The fact that there are high correlations between the independent variables could be a problem because it will cause multicolinearity.
b. The output for all five variables is on the following page. What percent of the variation
is explained by the regression equation?
The regression equation is
sales = -19.7 - 0.00063 outlets + 1.74 cars + 0.410 income + 2.04 age - 0.034 bosses
Predictor Coef StDev t-ratio
Constant -19.672 5.422 -3.63
outlets -0.000629 0.002638 -0.24
cars 1.7399 0.5530 3.15
income 0.40994 0.04385 9.35
age 2.0357 0.8779 2.32
bosses -0.0344 0.1880 -0.18
Analysis of Variance
SOURCE DF SS MS
Regression 5 1593.81 318.76
Error 4 9.08 2.27
Total 9 1602.89
We have to calculate the r^2 value:
= SSReg/SSTotal
1593.81/1602.89
= 99.43%
c.
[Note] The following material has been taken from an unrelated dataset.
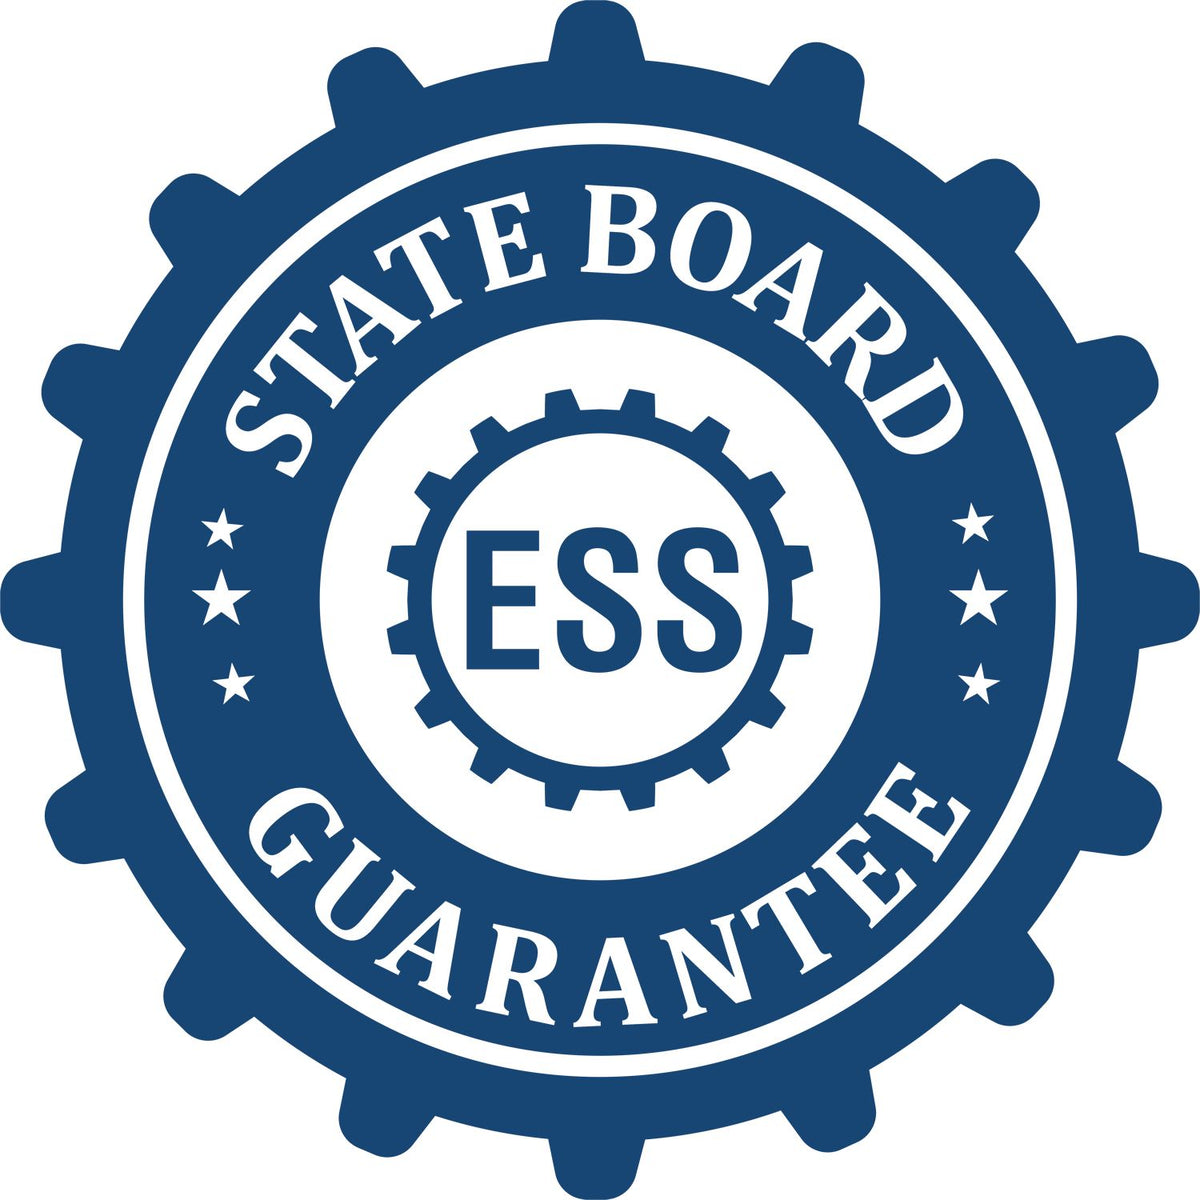 An emblem in a gear shape illustrating a state board guarantee for the Hybrid Indiana Landscape Architect Seal

Conduct a global test of hypothesis to determine whether any of the regression coefficients are not zero. Use the .05 significance level.
H0: coeffs are zero
Ha: coeffs are not zero
F = 318.76/2.27
= 140.4229
The critical value, from an F table is: 6.26
The test statistic is much higher, so we reject the null.
At least one coefficient is non zero.
d. Conduct a test of hypothesis on each of the independent variables. Would you consider
eliminating “outlets” and “bosses”? Use the .05 significance level.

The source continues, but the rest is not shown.